SPEAKER: |
Dr. Peter Song, York University |
TITLE: |
"Marginal Models for Longitudinal Compositional Data" |
DAY: |
Wednesday, October 22, 1997 |
TIME: |
3:30 p.m. [Coffee in BSB-202 at 3:00 p.m.] |
PLACE: |
BSB-108 |
Marginal models with exponential dispersion model margins proposed by Liang and Zeger (1986) have become a useful tool for analyzing longitudinal continuous or discrete data. They provide the basic needs for practitioners to understand a population-averaged cause-and-effect mechanism between the response and covariates. In this talk I shall present marginal models for longitudinal compositional or proportional data whose marginal distribution is assumed to be the simplex distribution of Barndorff-Nielsen and Jorgensen (1991), which is not included in the family of exponential dispersion models. Liang and Zeger's generalized estimating equation approach is extended to deal with parameter estimation for our models. An analysis of gas volume decay in eye surgeries is presented to illustrate the proposed method.

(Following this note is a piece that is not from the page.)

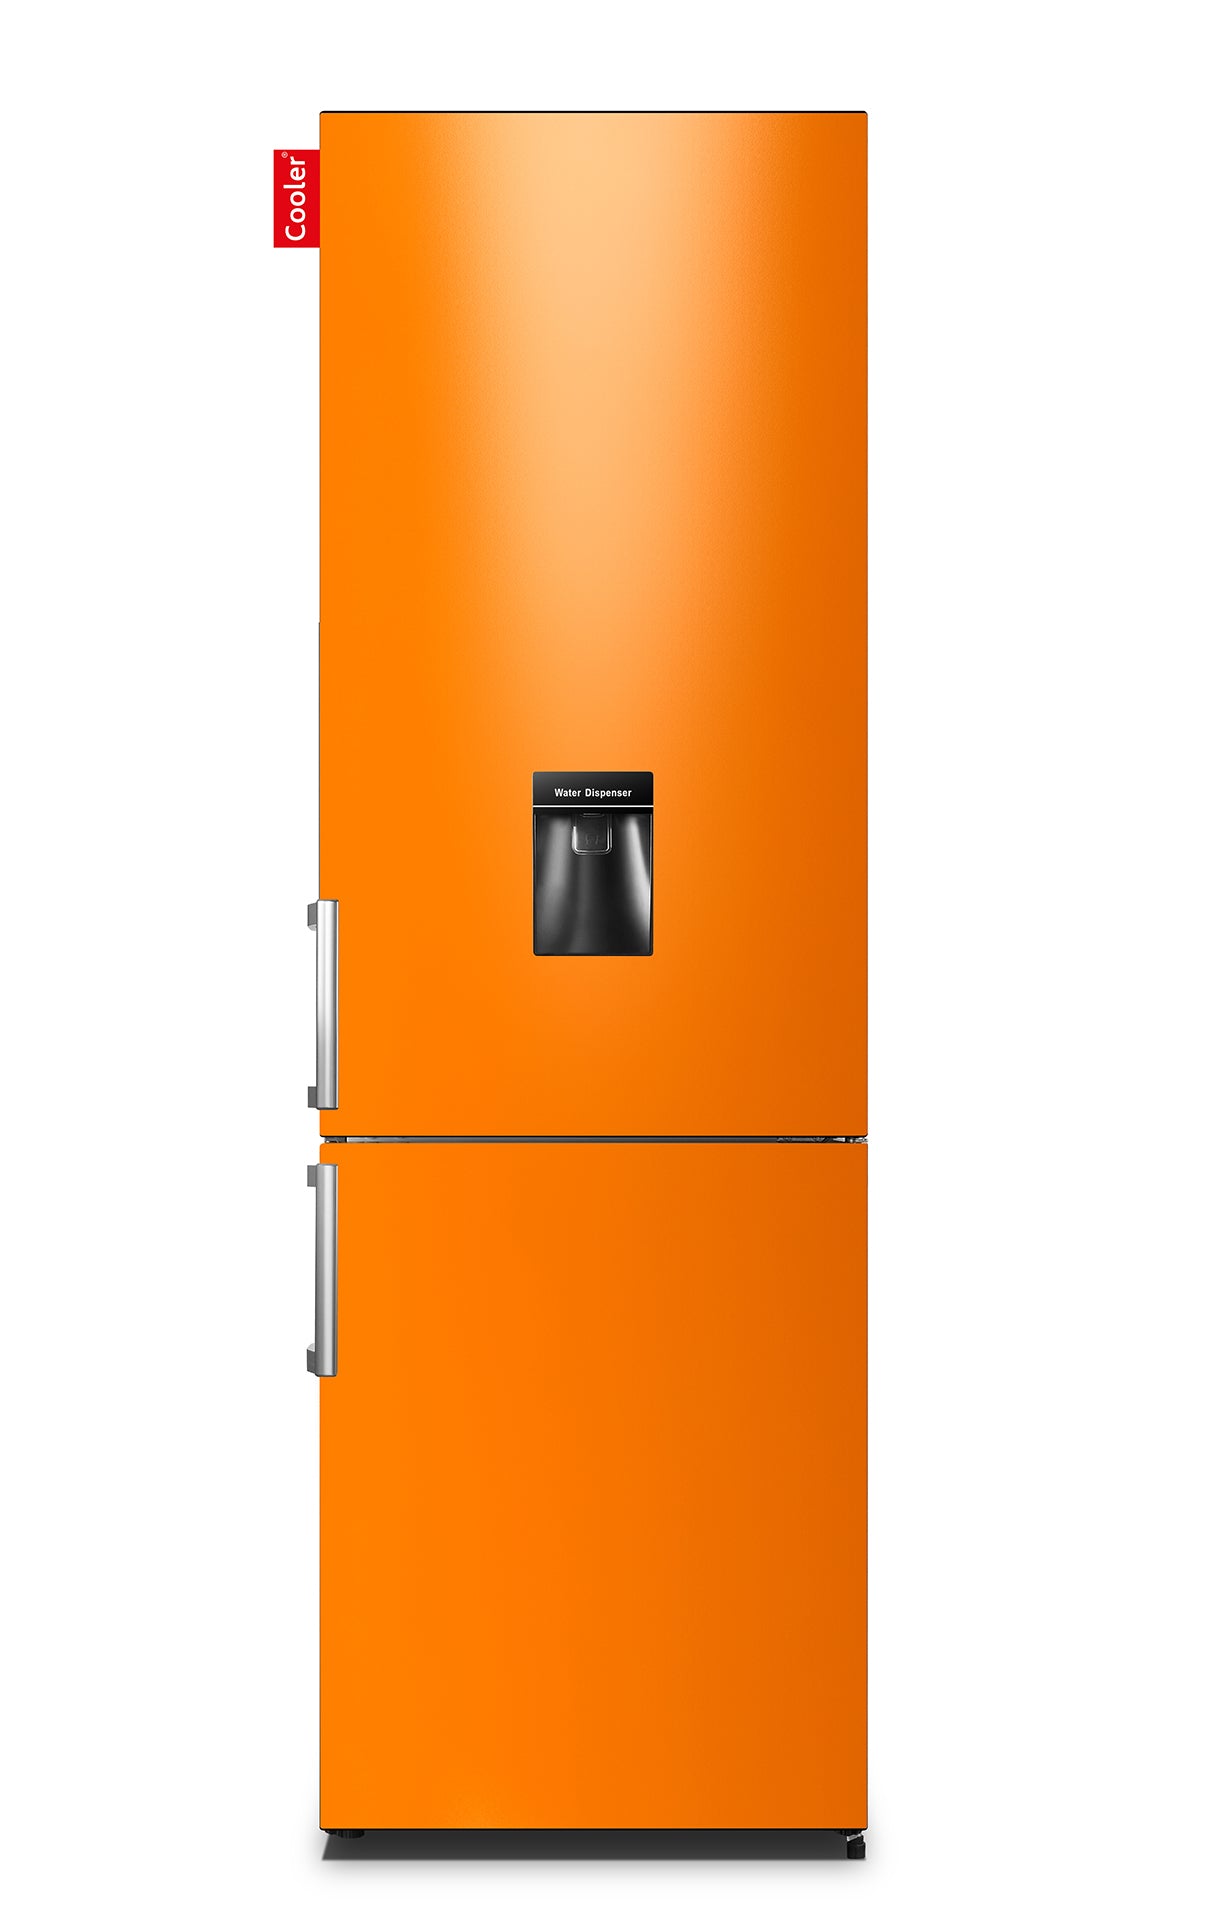 Wardianzaak Huisdieren Promotie Groot H2O Original - Cooler® gepersonaliseerde koelkast

Dr. Peter Song is an Assistant Professor in the Department of Mathematics and Statistics at York University. He obtained his Ph.D. from the Department of Statistics at University of British Columbia in 1996. His research interests include generalized linear models for multivariate data, state-space models for multivariate time series of non-Gaussian observations, stationary time series models with non-normal margins, and statistical computing.
The following articles have been placed on reserve at Thode Library (STATS 770: Statistics Seminar). They have been provided by Dr. Peter Song to be used as background for his talk on Wednesday, October 22.
Unfortunately neither of the books is in the library. If any one receiving this message has one or both and wishes to lend them for a few days, just let me know. The students interested may then borrow them.
[1] Diggle, Liang and Zeger (1994). Analysis of Longitudinal Data, Oxford University Press.
[2] Jorgensen, B.(1997). The Theory of Dispersion Models, Chapman and Hall.